A film by Brittany Huckabee


When Muslim writer and activist Asra Nomani returns to her hometown mosque in West Virginia, she believes she sees signs of trouble: exclusion of women, intolerance toward non-believers, suspicion of the West. Her resulting campaign for change alienates would-be allies in the mosque, leading many to wonder who most deserves the label of “extremist.”  It isn’t long before members put forward a petition to expel her from the Islamic Center of Morgantown.


As Asra takes an increasingly different path from the community’s moderates – marching on the mosque, posting a manifesto on its door, storming out of a community meeting and challenging a visiting sheik about domestic violence – the film provides a rare look at the real controversies that divide a Muslim community.


THE MOSQUE IN MORGANTOWN is sometimes raucous and not always politically correct, but it reveals a truth that will surprise many Americans: the view inside this mosque is actually quite familiar. Words like extremism and terrorism are thrown about, but in the end they are beside the point. The arguments over gender, tradition and tactics in the Morgantown mosque also play out in communities across the nation – from churches and synagogues to secular volunteer organizations. And the question of how to effect change is just as difficult.


As the controversy over the Park 51 Islamic community center in lower Manhattan and other mosque construction projects have demonstrated, interfaith dialogue-as-usual has not alleviated skepticism of American Islam after 9/11. Acknowledging all the things we share – positive and negative – can help rebuild trust and create a new tone of discourse between Muslim and non-Muslim Americans.

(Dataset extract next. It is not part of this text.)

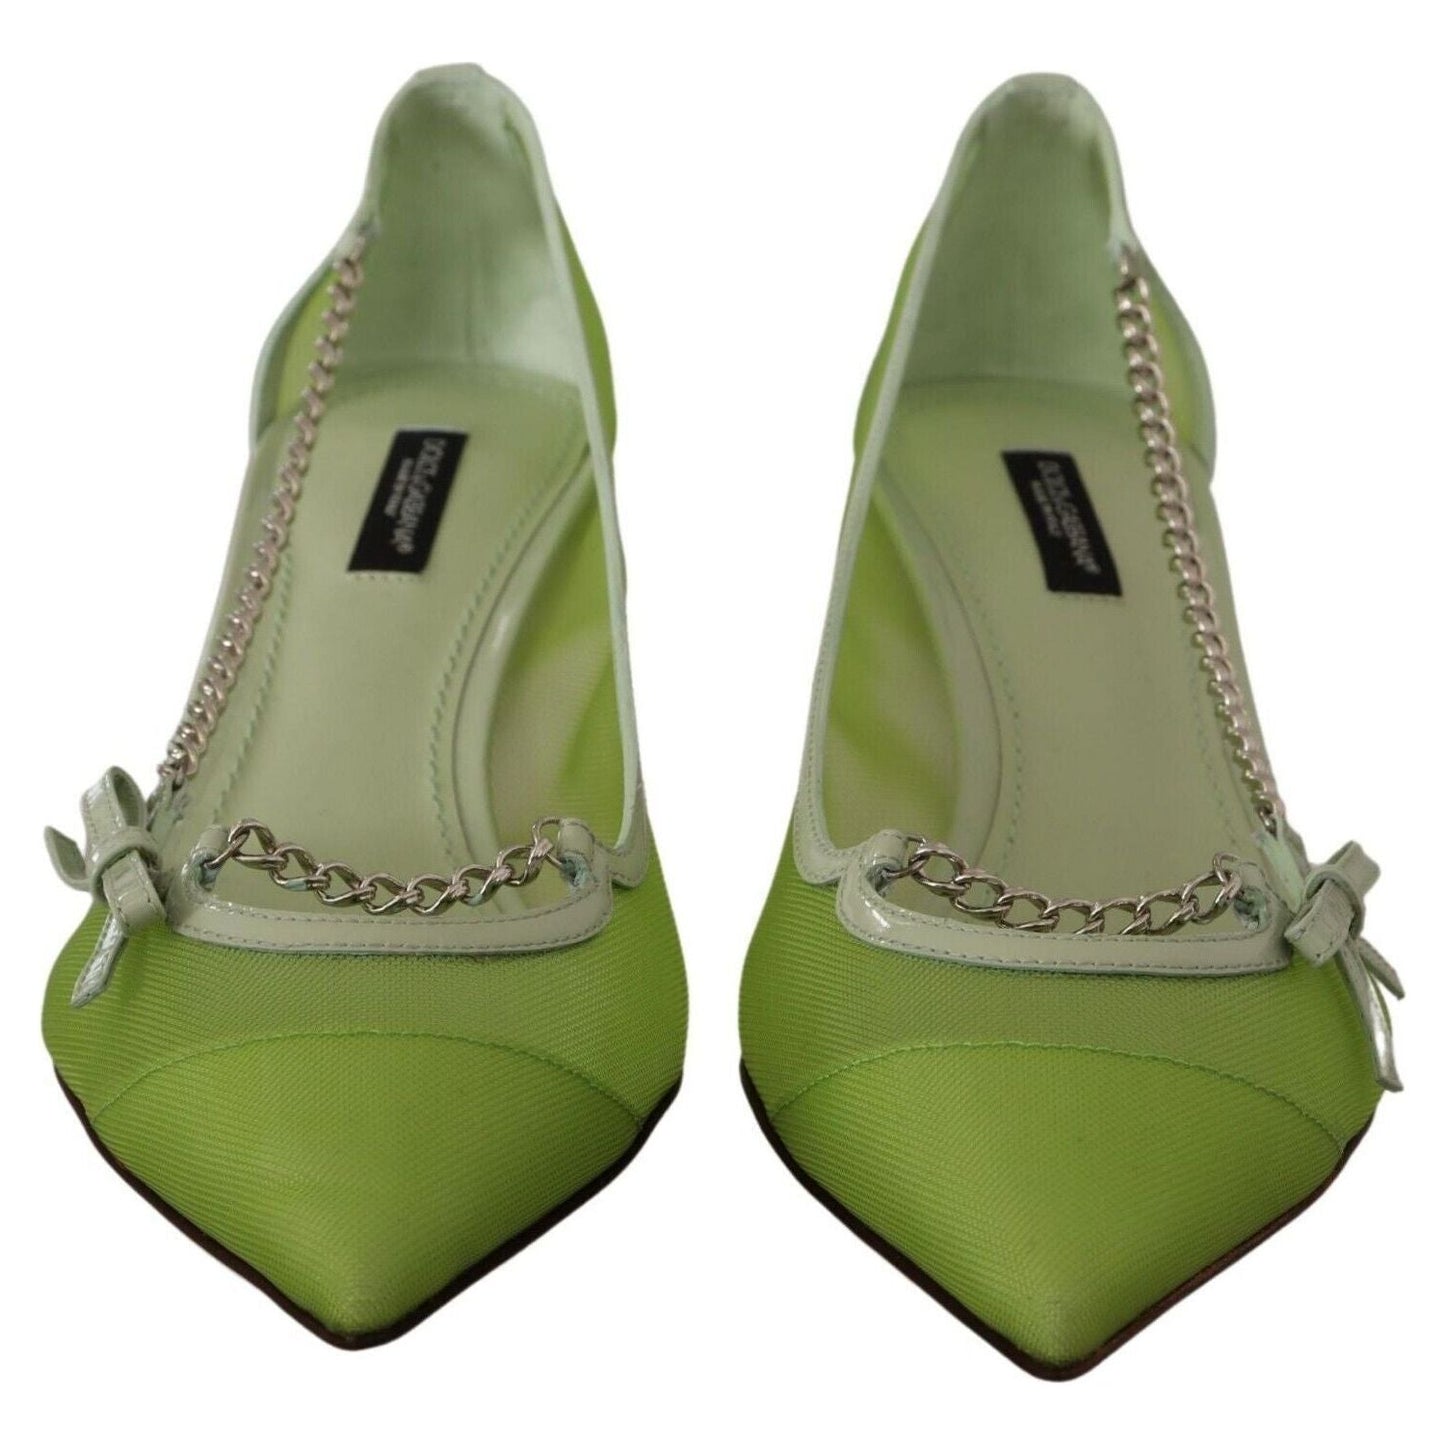 Dolce & Gabbana Enchanting Green Mesh Chain Pumps green-mesh-leather-chains-heels-pumps-shoes s-l1600-2-152-5d54ce7e-061.jpg
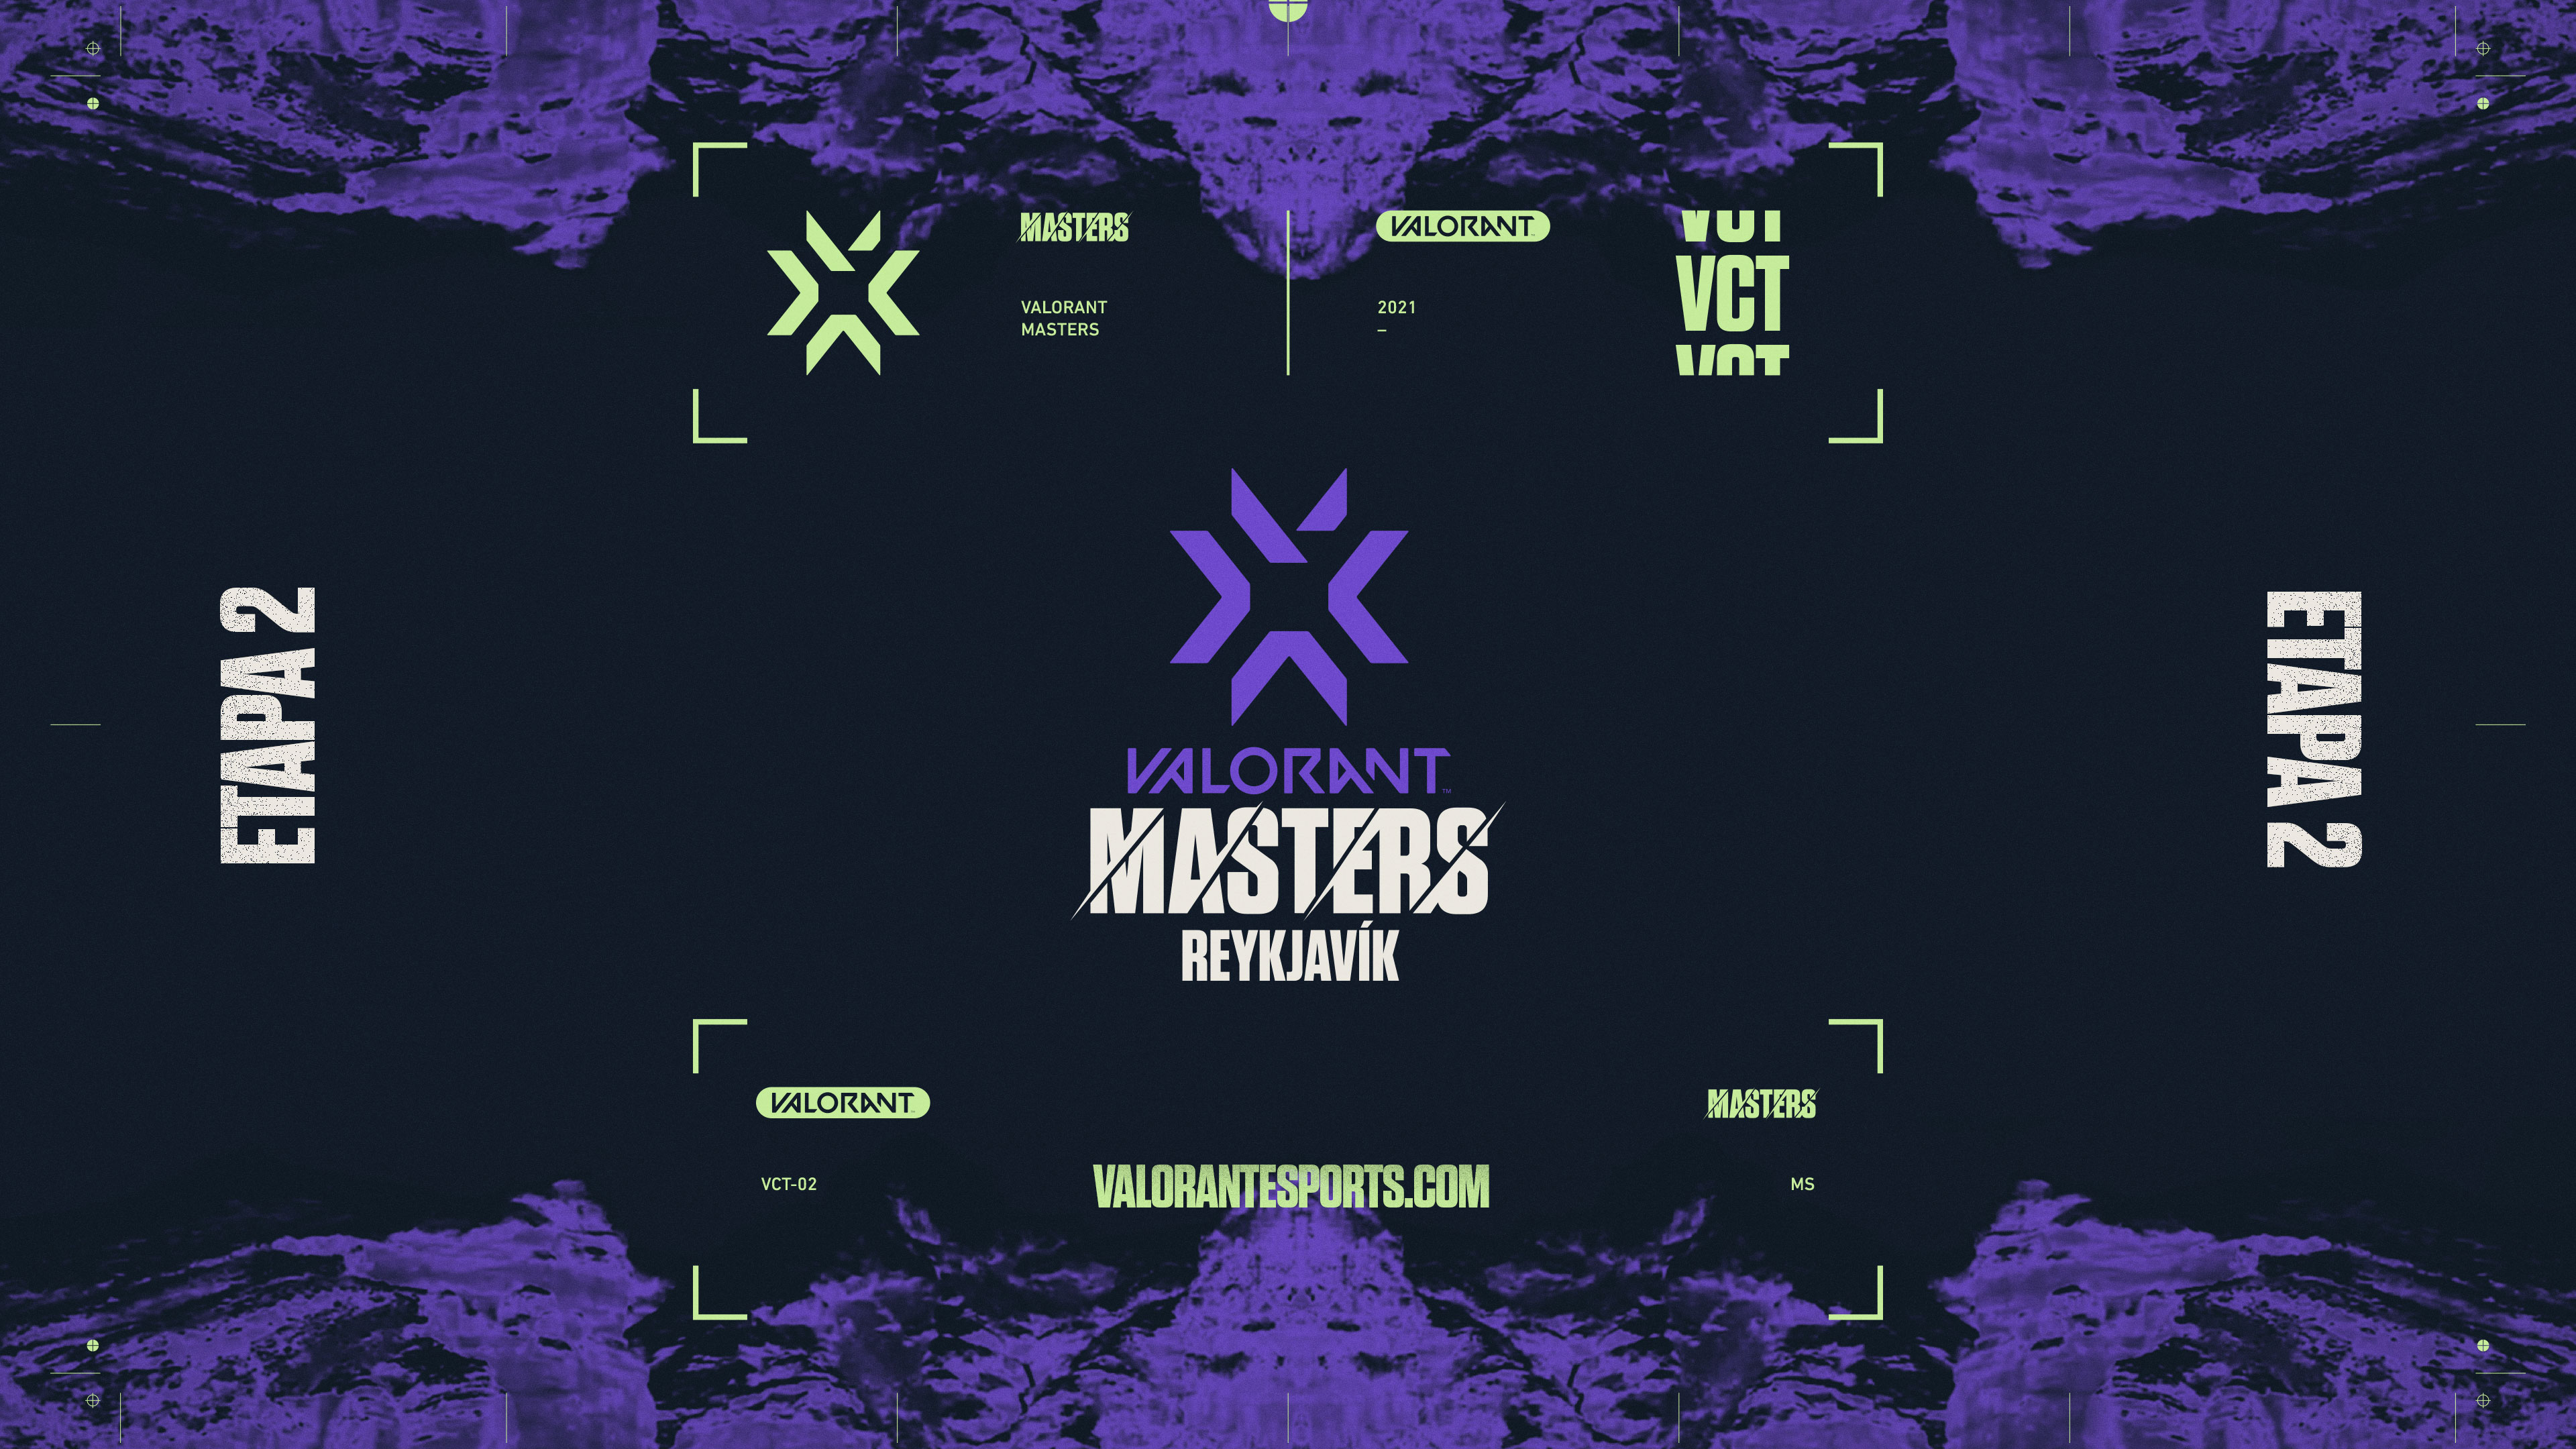 22 masters. Valorant Masters Reykjavik. VCT Masters Reykjavík. VCT Masters Reykjavík 2021. Valorant Masters Reykjavik 2022.

TAKE A LOOK AROUND. Learn more about the film’s story, characters, and director. Watch clips from the film and from the cutting room floor. Check out the Emmy-nominated soundtrack. Find out how to host a screening. And most importantly, visit the FORUM. There you’ll find original critical essays on the film and its major themes – and you’re invited to join the discussion!


THE MOSQUE IN MORGANTOWN previewed at the True/False film festival and took the Best Documentary prize at the San Francisco International Asian American Film Festival before a national primetime PBS broadcast in 2009. It earned a 2010 Emmy nomination for its original score.